Données actuelles sur l’AMM psychiatrique
Aux Pays-Bas, 110 cas d’AMM psychiatrique ont été signalés entre 2011 et 2014; avant cette
période, de deux à cinq cas avaient été enregistrés par année2. En Belgique, le nombre de cas
d’AMM découlant d’un trouble neuropsychiatrique (ce qui comprend les troubles neurologiques
et psychiatriques qui ne sont pas fatals) était inférieur à 10 jusqu’en 2007; en 2012-2013, on a
enregistré 101 cas d’AMMP3. Bien que ces chiffres soient peu élevés, ils indiquent une
tendance claire à ce chapitre.
À l’exception d’un rapport de 19974 décrivant 11 cas survenus aux Pays-Bas, il existait peu de
renseignements sur l’administration de l’AMM psychiatrique dans ces deux pays. Les données
disponibles consistaient principalement en des rapports médiatiques et des sommaires
quantitatifs figurant dans les rapports annuels des organismes d’évaluation respectifs.
Deux études récentes ont analysé l’AMMP d’une manière plutôt détaillée, soit en présentant
des descriptions de divers diagnostics et certaines caractéristiques des patients. La
Dre Lieve Thienpont, une psychiatre belge, et ses collègues ont publié une étude de série de
cas ayant trait à 100 demandes consécutives d’AMMP qui ont été enregistrées dans son
cabinet de psychiatrie privé entre 2007 et 20115. Notre groupe s’emploie à étudier les rapports
relatifs à 66 cas (sur les 85 cas signalés en date de notre étude, de 2011 jusqu’à un certain
point en 2014) d’administration de l’AMMP aux Pays-Bas; ces rapports présentent une vue
d’ensemble des caractéristiques des patients ayant reçu l’AMMP, la manière dont les médecins
ont évalué les patients et l’opinion des comités d’évaluation de l’euthanasie sur les cas2.

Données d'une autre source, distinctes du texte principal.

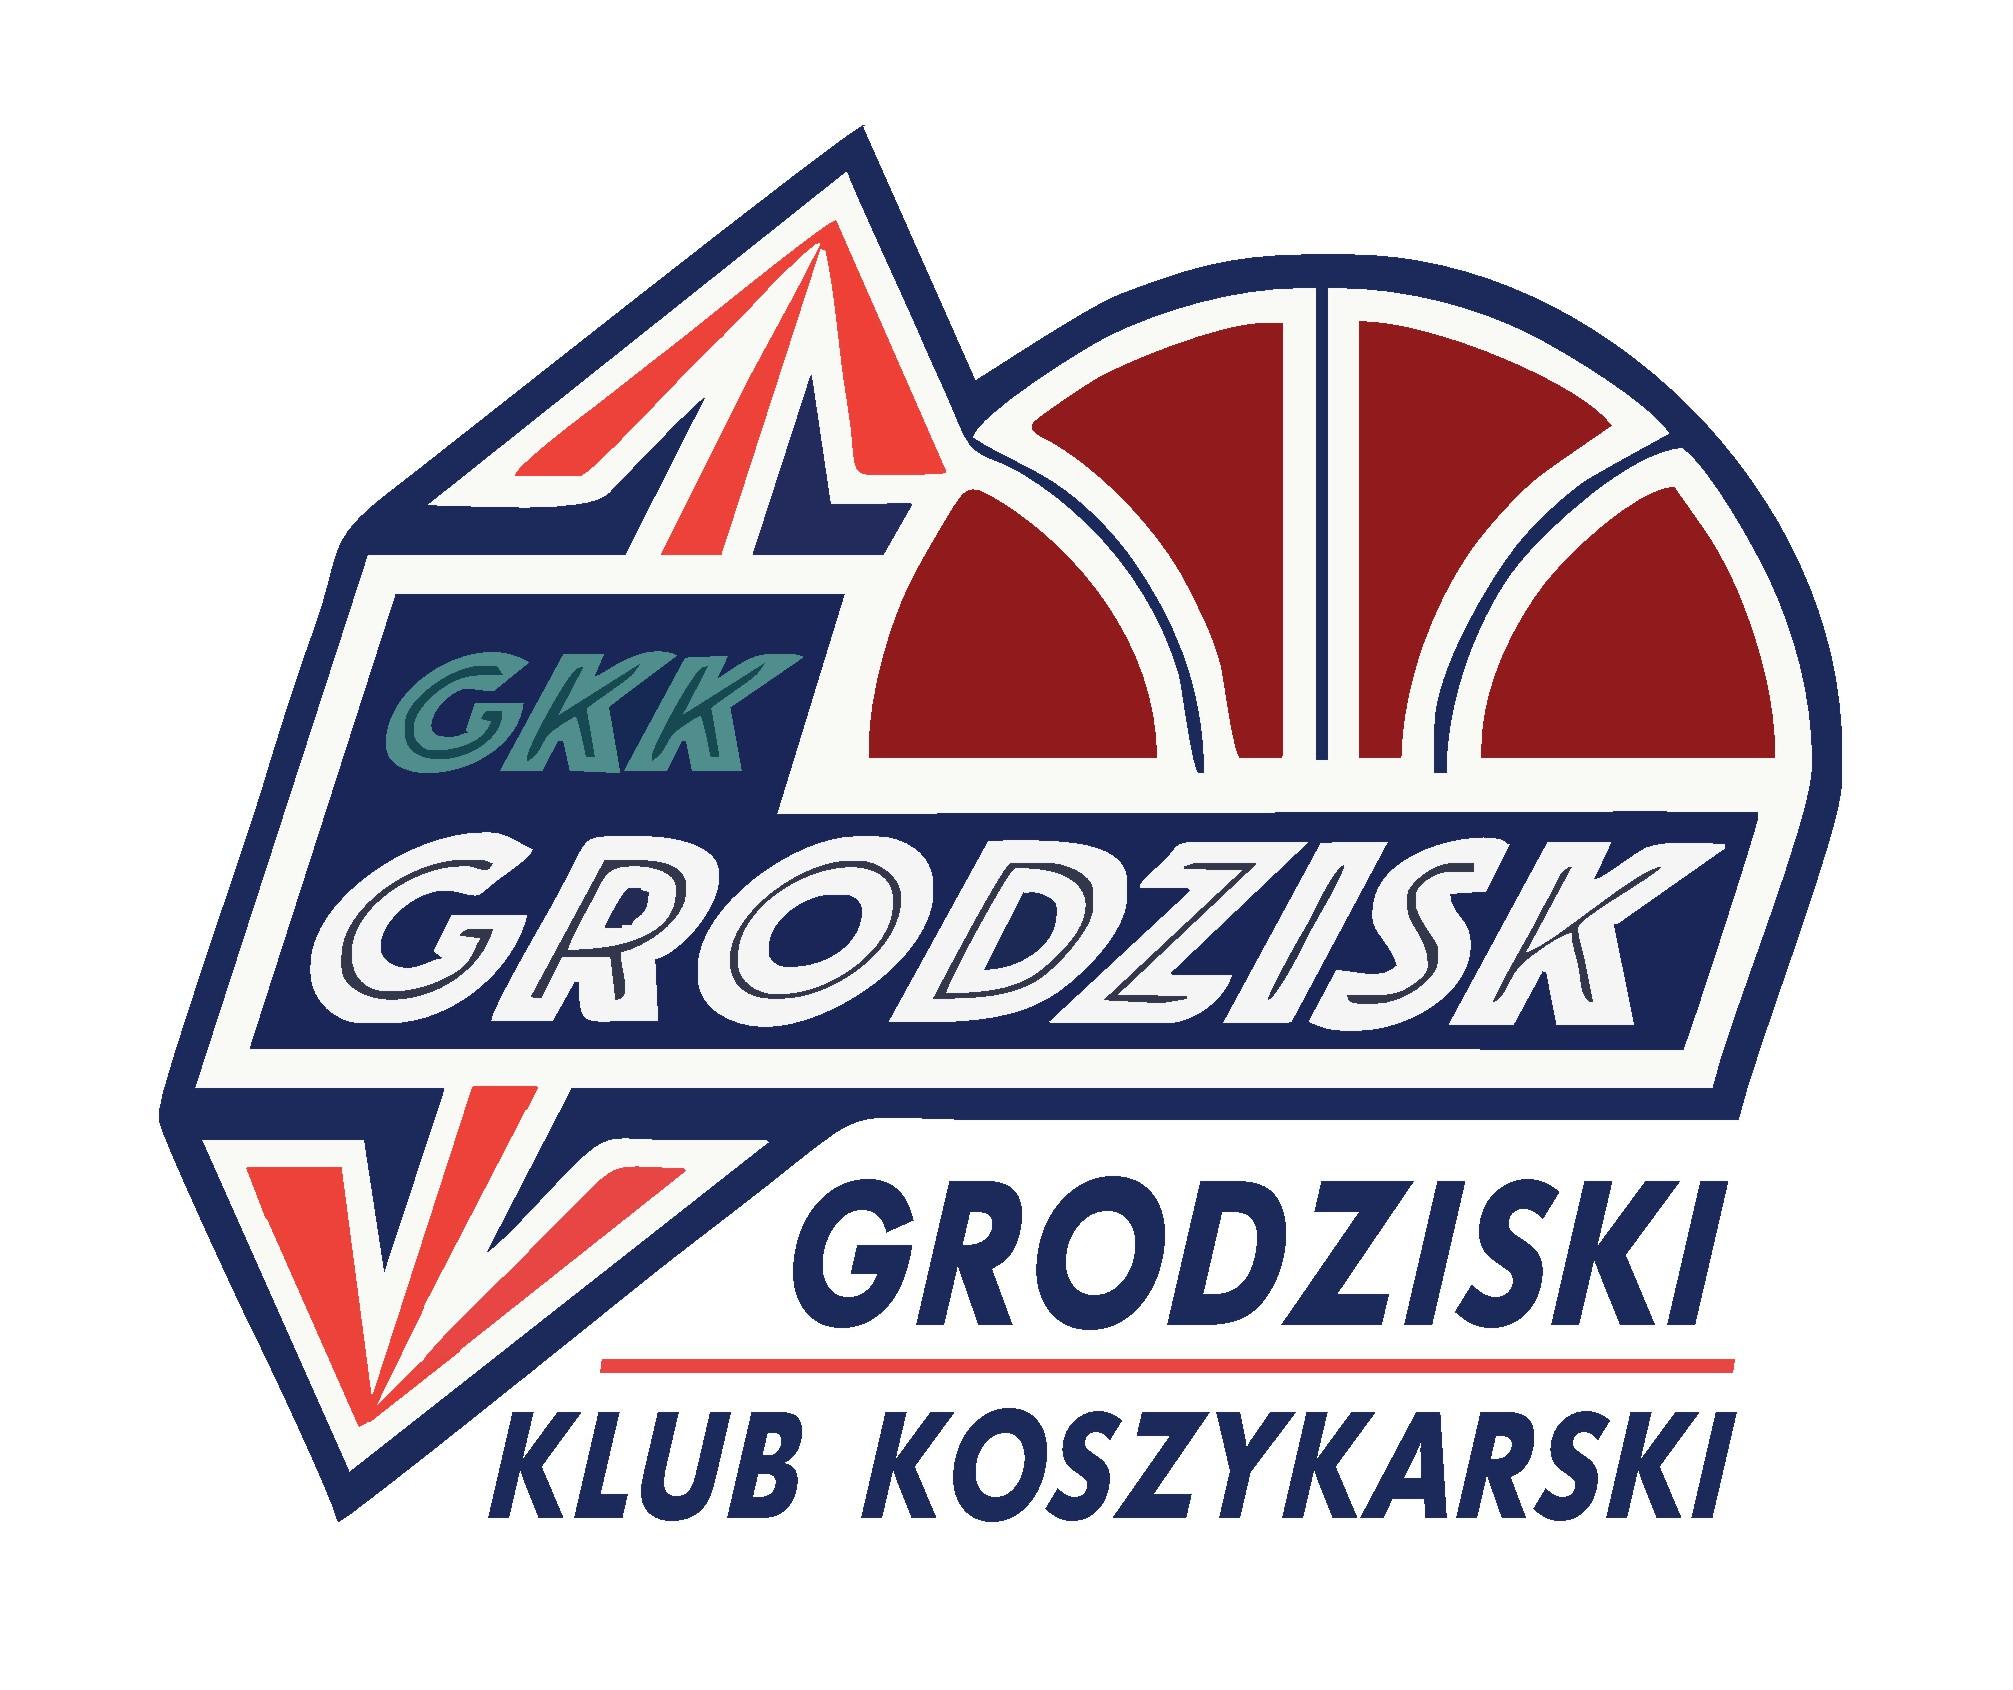 Grodziski Klub Koszykarski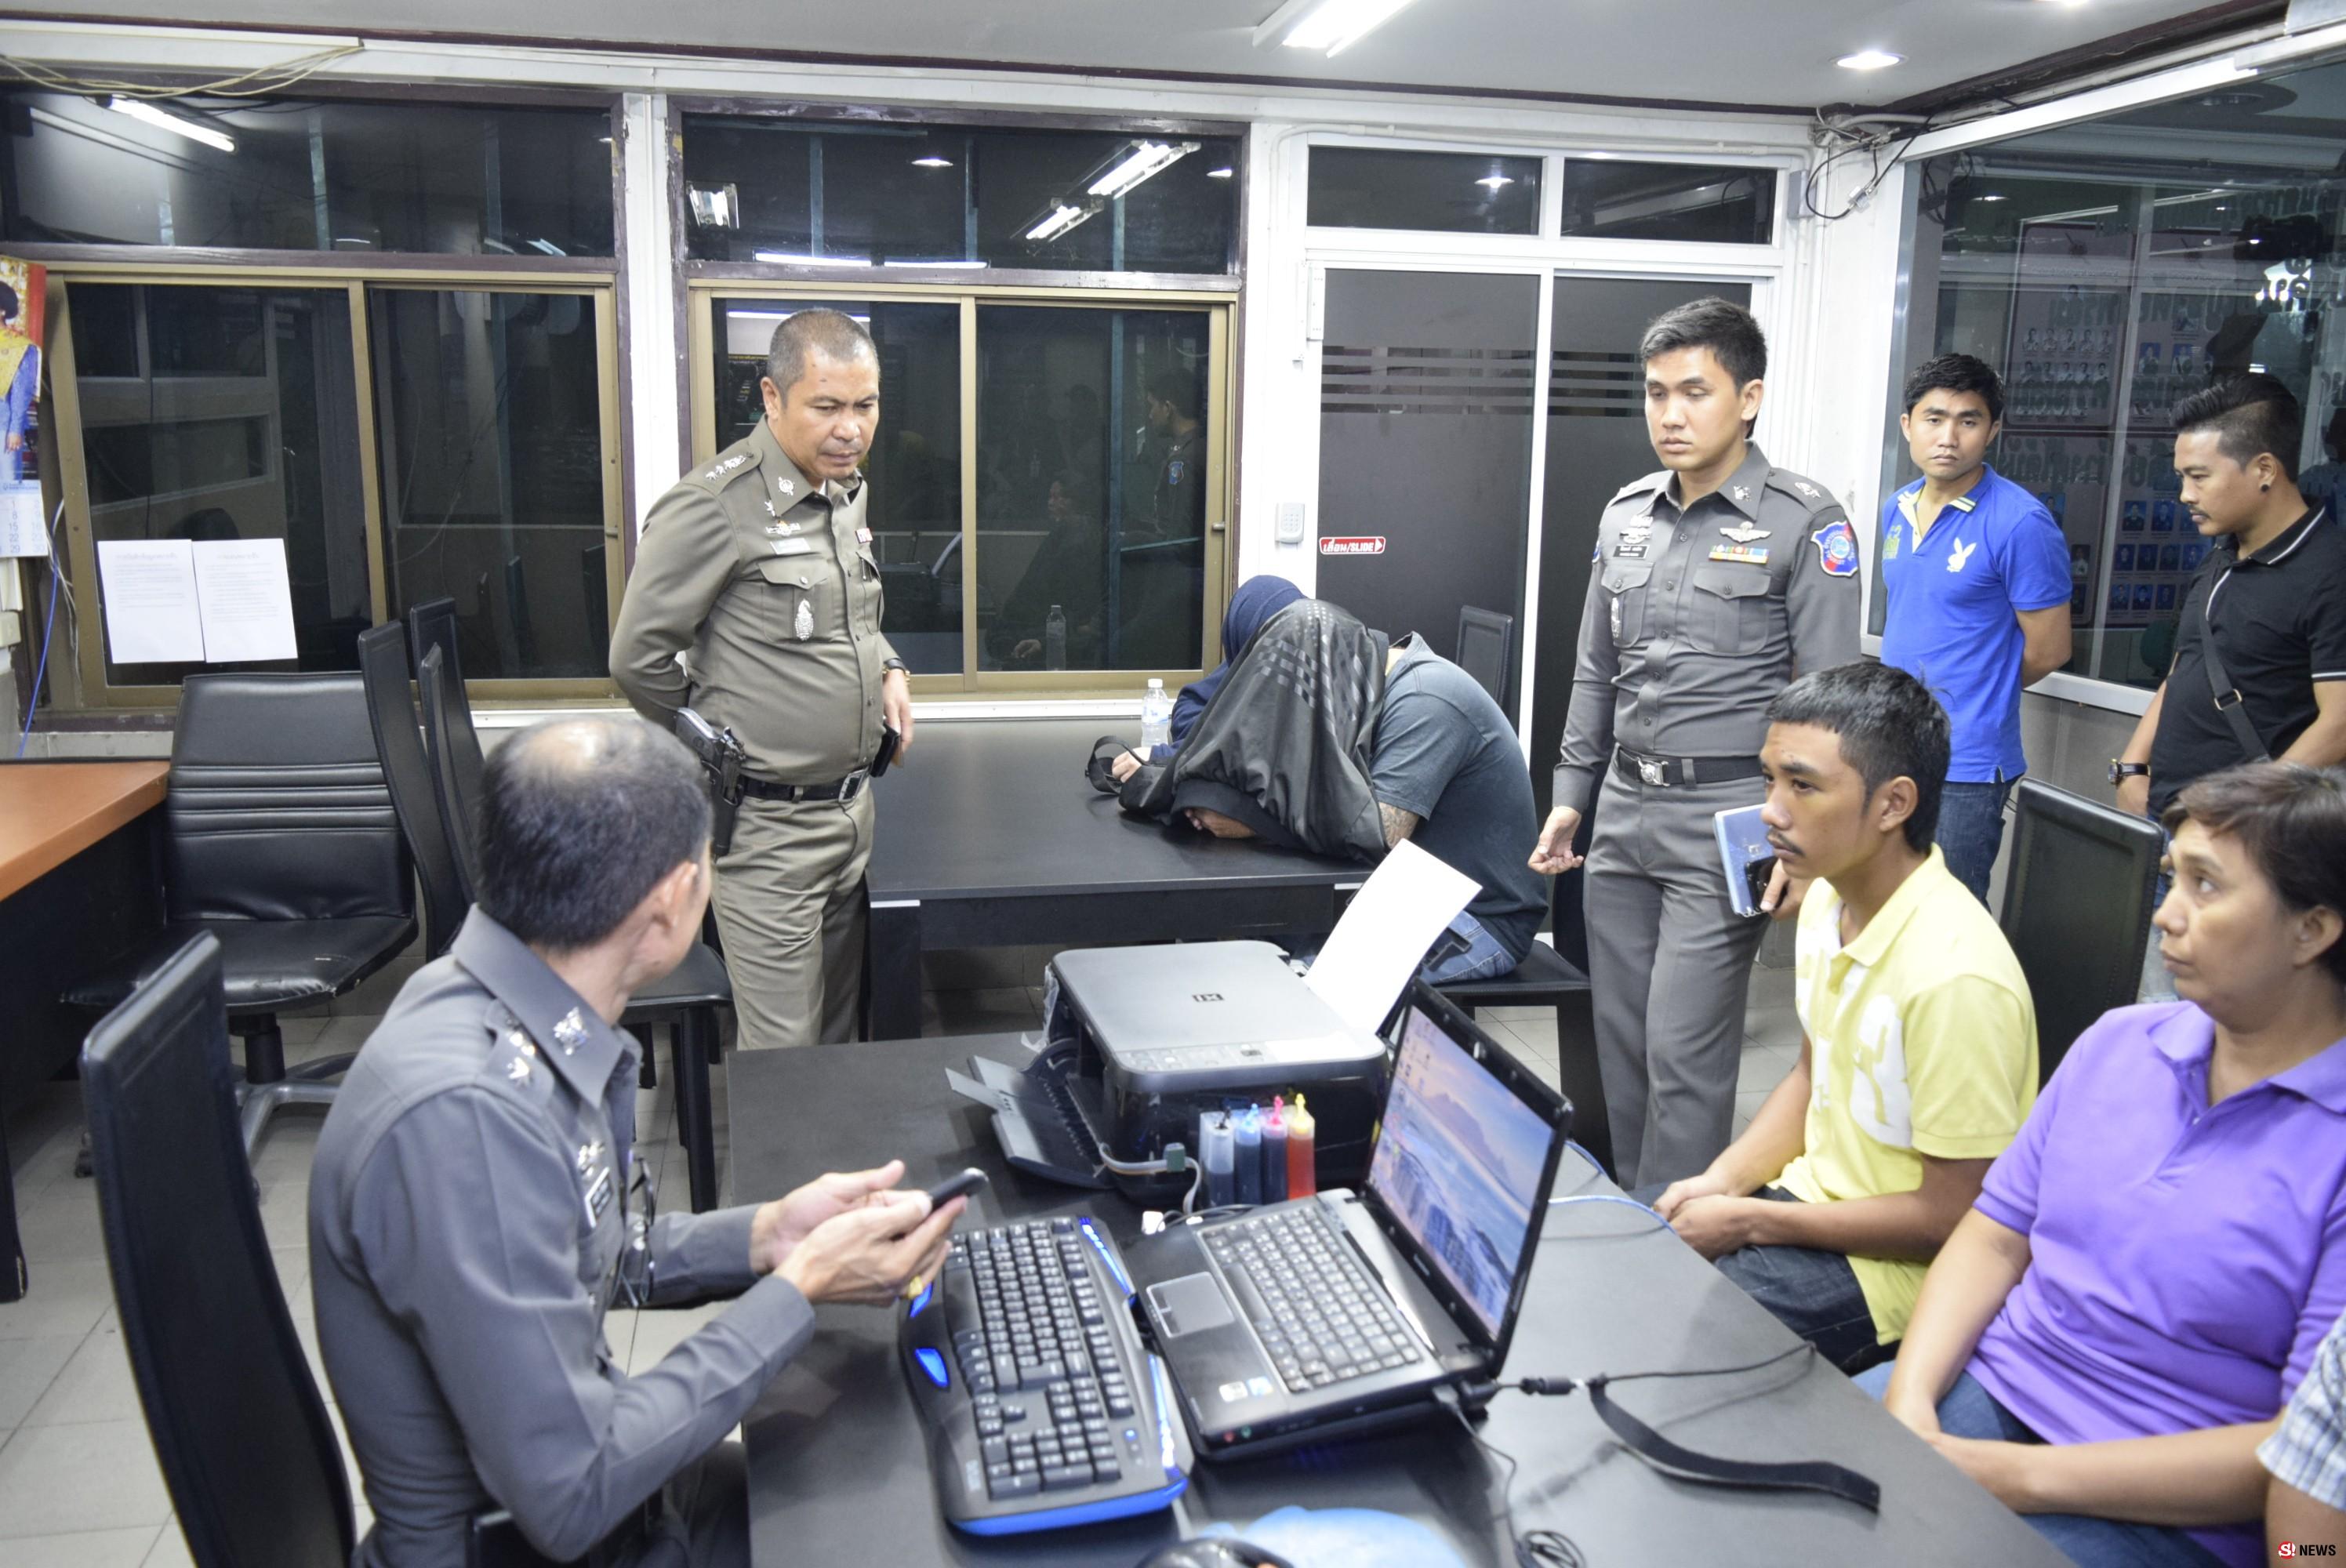 กลุ่มบิ๊กไบค์ฝรั่งรุมยำหนุ่มไทย ล่าสุด ยอมจ่ายค่าทำขวัญเป็นเงินนับแสน

Qui reçoit l’AMM psychiatrique?
Bien que les arguments normatifs sur le caractère acceptable de l’AMMP soient presque
entièrement axés sur la « dépression résistante au traitement », la réalité est beaucoup plus
complexe.
Étude de la Dre Thienpont
Dans l’étude de série de cas personnelle de la Dre Thienpont visant 100 demandeurs d’AMM,
73 % de ces derniers étaient des femmes, et la moyenne d’âge était de 47 ans. En tout,
58 patients souffraient d’une dépression résistante au traitement (48 cas de dépression
unipolaire et 10 de dépression bipolaire). Toutefois, les patients étaient également atteints
d’autres troubles (certains avaient reçu plus d’un diagnostic), notamment les suivants : trouble
de stress post-traumatique (n=13), schizophrénie et autres troubles psychotiques (n=14),
troubles anxieux (n=11), troubles de l’alimentation (n=10), troubles liés à l’abus d’alcool et
d’autres drogues (n=10), troubles somatoformes (n=9), syndrome d’Asperger (n=7), trouble du
déficit de l’attention avec hyperactivité (n=1), troubles obsessivo-compulsifs (n=7), troubles
dissociatifs (n=7) et deuil compliqué (n=6). Il semble également que lorsque la Dre Thienpont a
effectué une évaluation plus approfondie des patients, d’autres ont reçu un diagnostic d’autisme
(n=12). La moitié des patients était aux prises avec un trouble de la personnalité. Elle n’a pas
présenté une ventilation des diagnostics s’appliquant aux personnes qui ont reçu l’AMM.
D’après les données, le taux d’acceptation des demandes d’AMM s’élève à 48 %. De ces
48 personnes, 11 ont reporté ou annulé l’AMM, et 2 se sont suicidées d’une autre manière.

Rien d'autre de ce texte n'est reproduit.